The Queens Campus contains the historic core of the Rutgers University community and houses the offices of the university's president and key administrative posts. The campus is located on one city block adjacent to New Brunswick's commercial district. This block is bounded by Somerset Street, George Street, Hamilton Street, and College Avenue. The six building that occupy the campus are the university's oldest structures and represent a range of nineteenth-century architectural styles. Due to its architectural and historical significance, Queens Campus was included on the New Jersey Register of Historic Places on January 29, 1973, and on the National Register of Historic Places on July 2, 1973. Often evoked as a symbol of the university's heritage, Old Queens was listed as a National Historic Landmark on May 11, 1976.

The hilltop on which Queens Campus was later erected was where Alexander Hamilton, then an artillery captain commanding sixty men of the New York Provincial Company of Artillery, placed his cannons to cover the retreat of George Washington's forces in late November 1776. After disastrous defeats at Long Island, Harlem Heights, and Fort Washington, Washington surrendered New York City to the British. British forces commanded by Lieutenant General Lord Cornwallis under orders from Lieutenant General William Howe, 5th Viscount Howe pursued Washington as far as New Brunswick, where he and his troops forded the Raritan River and passed through New Brunswick on their way south into Pennsylvania. Positioned on the hilltop above the Raritan, Hamilton's artillery slowed the British advance and afforded Washington sufficient time to escape. One American combatant, Captain Enoch Anderson, remarked that, "A severe cannonading took place on both sides, and several were killed and wounded on our side." The British forces occupied New Brunswick for the next seven months, and a battalion of Hessian troops were encamped on the site. A historic marker erected as a gift of the Class of 1899 is located next to the chapel marking the location of Hamilton's battery.

A few years after receiving its charter in 1766, Queen's College began holding classes in a local tavern and students boarded at houses in the city. The Rev. Ira Condict became the school's third president in 1795, but financial constraints forced the college to close for several years. Condict focused on operating the college's grammar school until sufficient funds were raised to support the college's reopening.

In 1807, Perth Amboy merchant John Parker bequeathed a six-acre apple orchard on a hill in New Brunswick to the trustees of Queen's College. Condict had been raising funds to reopen the school with the assistance of Andrew Kirkpatrick, Chief Justice of the New Jersey Supreme Court, a trustee who taught at the grammar school in 1782. With a successful fundraising effort, obtaining the support of the Reformed Church's Synod of New York, and with Parker's donation of the six-acre apple orchard tract, Queen's College was reopened. The trustees decided to build a large building to house the college's instruction, and provide housing for the faculty, to house the grammar school.

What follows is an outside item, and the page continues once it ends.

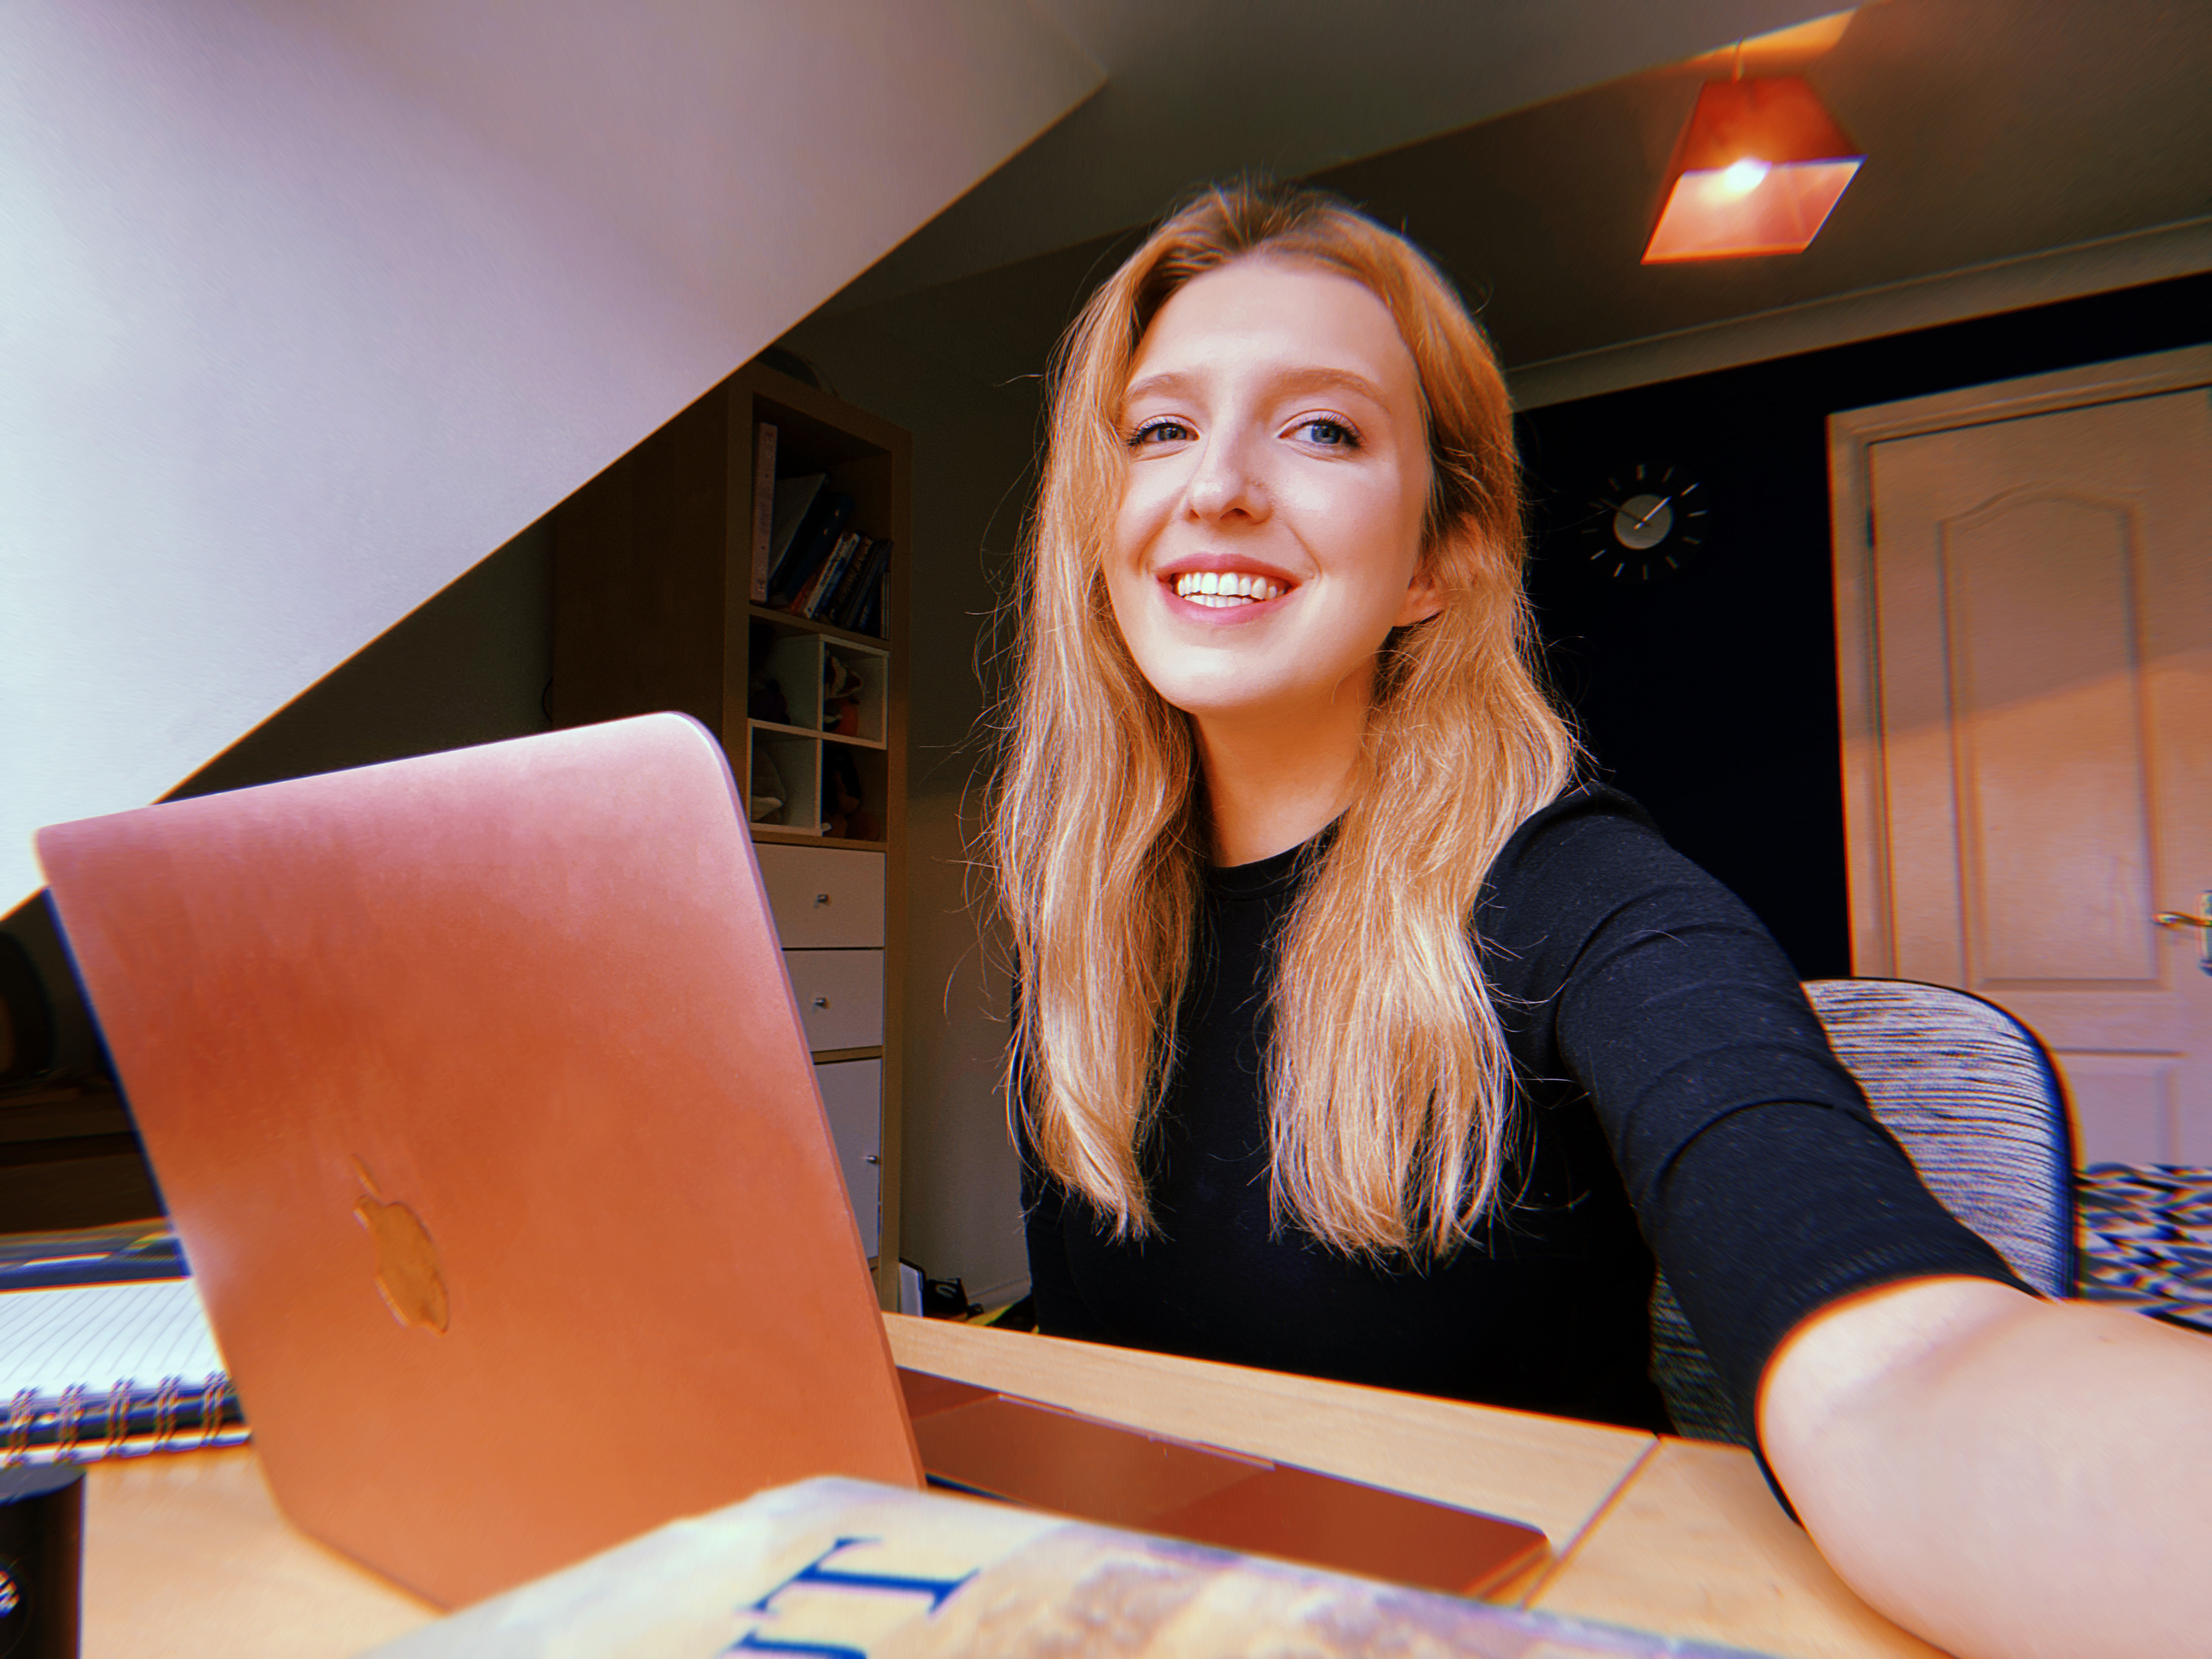 Adele Egeland, remote Absolute intern working from home

The building would also house a theological seminary, run by the Rev. John Henry Livingston, that the Synod decided to move from New York to New Brunswick. Condict laid the cornerstone of Old Queens in 1809. The following year, he resigned as president despite requests that he accept the post in full capacity. Condict elected to return to teaching and toward ministering to his congregation at the city's First Reformed Church, and he was succeeded by Livingston.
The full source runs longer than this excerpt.